Die Zweifler - zu denen auch Zukunftsforscher Matthias Horx und die Journalisten Dirk Maxeiner und Michael Miersch gehören – sind in der Minderheit. Das bedeutet aber nicht, dass ihre Argumente in der Öffentlichkeit keine Rolle spielten. Nach dem Kopenhagener Gipfel spottete der emeritierte Geologie-Professor Friedrich-Karl Ewert, das „Phantom Klimawandel“ habe sich zur "Pseudoreligion" entwickelt. "Zu glauben, wir Menschen könnten das Klima schützen oder gar die Erde retten, ist eingedenk der extrem unterschiedlichen Dimensionen von Erde und Mensch obszön.“

Klimaskeptiker sehen sich als Teil der Öko-Bewegung

Ein Hort der Klimaskeptiker ist das 2007 in Jena gegründete Europäische Institut für Klima und Energie (Eike). Die 60 Mitglieder – darunter Ewert – halten die „Behauptung eines menschengemachten Klimawandels“ für naturwissenschaftlich nicht begründbar und sehen darin einen „Schwindel gegenüber der Bevölkerung“. Die Bedeutung der CO2-Emissionen werde "überdramatisiert". "Die ganze Klimadiskussion ist völlig hirnrissig", meint Eike-Präsident Holger Thuss.
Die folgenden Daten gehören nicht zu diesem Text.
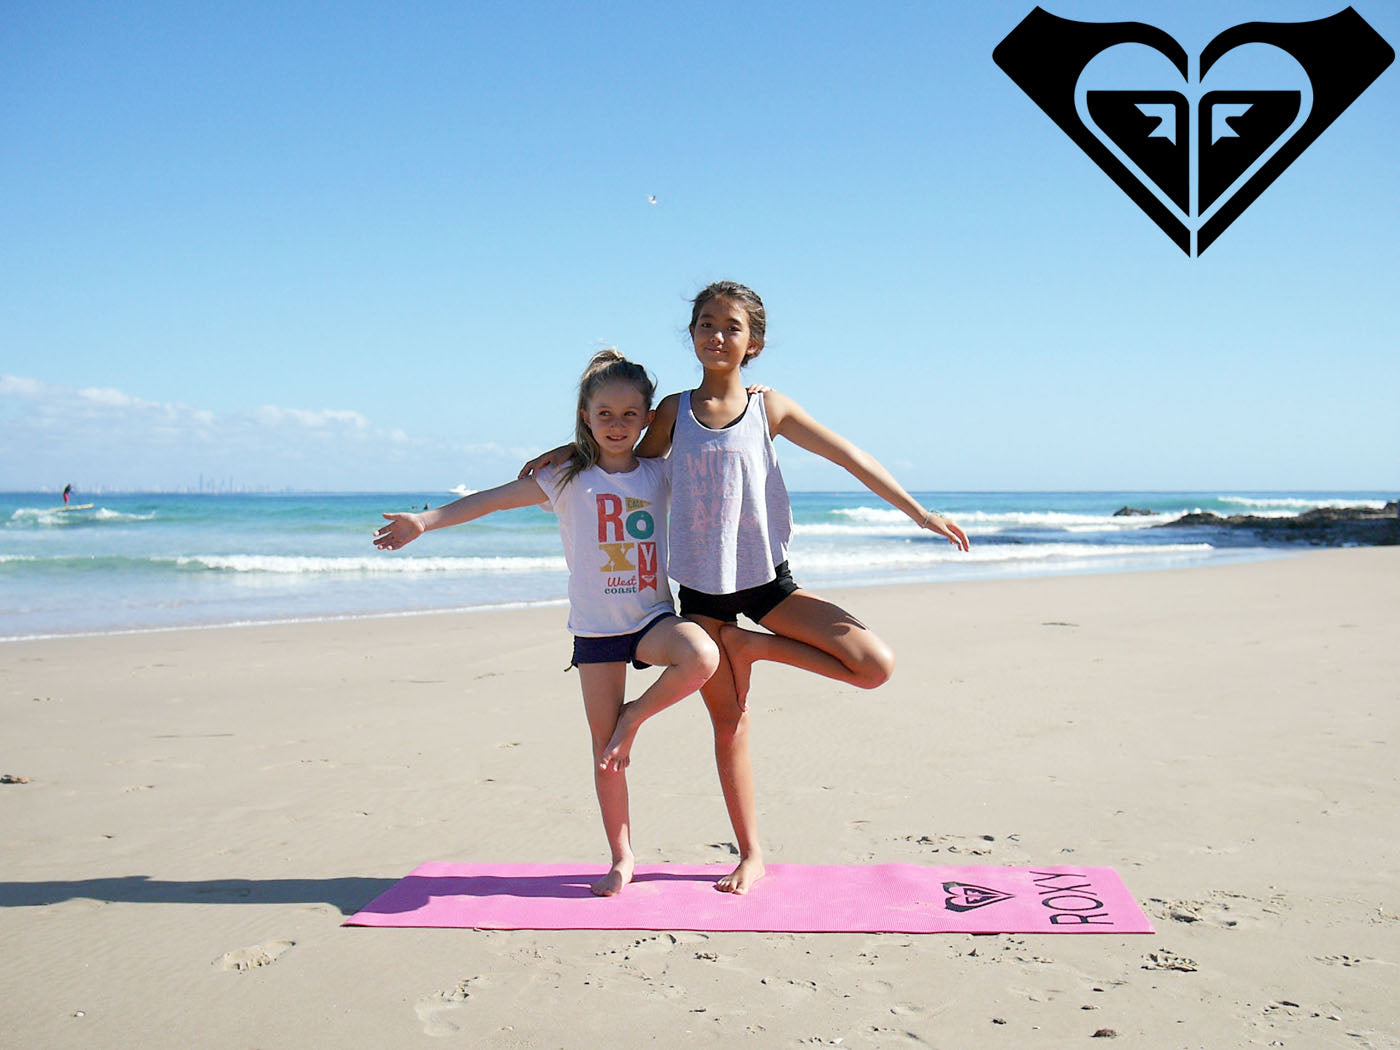 Roxy Surf Summer 2017 Young Girls Tees & Hoodies Collection

"Total richtig" sei es dagegen, auf regenerative Energien zu setzen und Energie zu sparen, betont Klaus-Eckart Puls, Meteorologe und Eike-Mitglied. Die Energiedebatte mit der Klimakatastrophe zu begründen, halte er jedoch für "Schwachsinn". "Ich brauche keine irrationale Klimadebatte, um eine rationale Energiedebatte zu führen." Die Klimaskeptiker sehen sich als Teil der weltweiten Öko-Bewegung. Anstatt Milliarden Euro in unsichere Klimaschutzmaßnahmen zu pumpen, wollen sie sich auf lösbare Aufgaben im Umweltschutz konzentrieren – etwa mehr Deiche bauen oder Regenwälder schützen. Eine gute Idee: Schließlich soll nicht noch mehr CO2 in die Atmosphäre gelangen und die Erde erwärmen.


Wie aber sollen die Verfechter des Klimawandels reagieren? Ignorieren sie die Thesen der Skeptiker, sieht es so aus, als hätten sie keine Gegenargumente. Lassen sie sich auf eine Diskussion ein, driftet diese schnell auf eine Ebene ab, die von der Öffentlichkeit nicht nachvollzogen werden kann. "Sie stellen Behauptungen auf, ohne den wissenschaftlichen Beweis anzutreten", kritisiert Gerstengarbe. Den Klimarettern läuft die Zeit davon: "Die Folgen des Klimawandels betreffen Milliarden Menschen." Man müsse schnell handeln und sich auf die veränderten Bedingungen einstellen. "Wenn früher eine Eiszeit kam, sind die Menschen in wärmere Gebiete ausgewichen. Bei 6,5 Milliarden Menschen geht das nicht mehr.